The number of Americans without health insurance continued to climb in 2018, and has increased by nearly 30% in the past two years.
That increase corresponds to about 7 million additional Americans who do not have health insurance, according to data released yesterday by Gallup.
Nationwide, 13.7% of Americans had no health insurance, according to the report. While still way below the high-water mark of 18% set in the third quarter of 2013, the number has been rising steadily since it hit its low point of 10.9% in the fourth quarter of 2016.
During the course of the past two years, more younger people, more women, and more individuals with lower annual household incomes have lost their health insurance. More than 21% of individuals between the ages of 18 and 34 don’t have health insurance, up from 16.8% at the end of 2016.

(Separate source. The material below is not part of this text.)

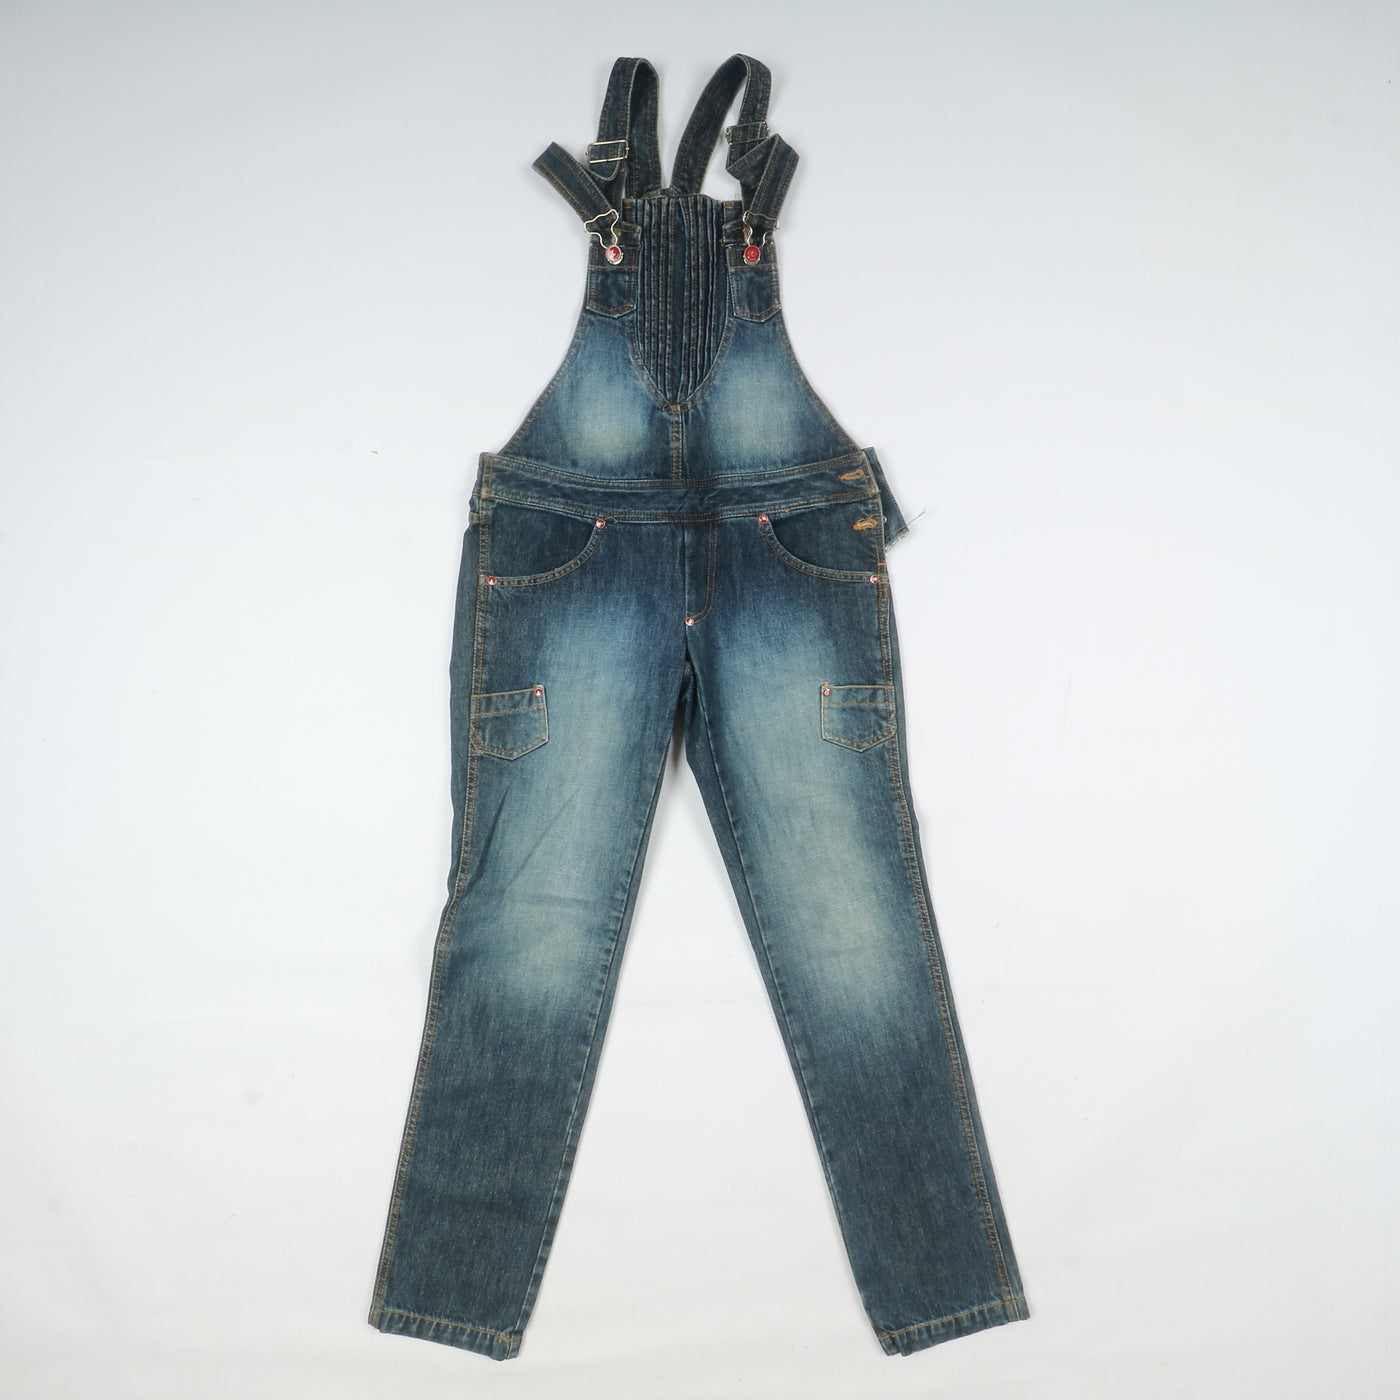 Salopette jeans vintage e deadstock uomo - donna stock da 28pz

Nearly 45% of households with annual incomes of less than $48,000 did not have health insurance, up from 39% two years ago, and compared with 9.5% of households with annual incomes in excess of $90,000.
Geographically, more individuals living in the South and the Western portions of the U.S. do not have health insurance, compared with those living in the East or Midwest.
Among the likely reasons why more individuals are losing their health insurance are: higher premiums and deductibles, more work requirements needed to obtain healthcare coverage in certain states, and an increase in the number of individuals who think the Affordable Care Act has been repealed.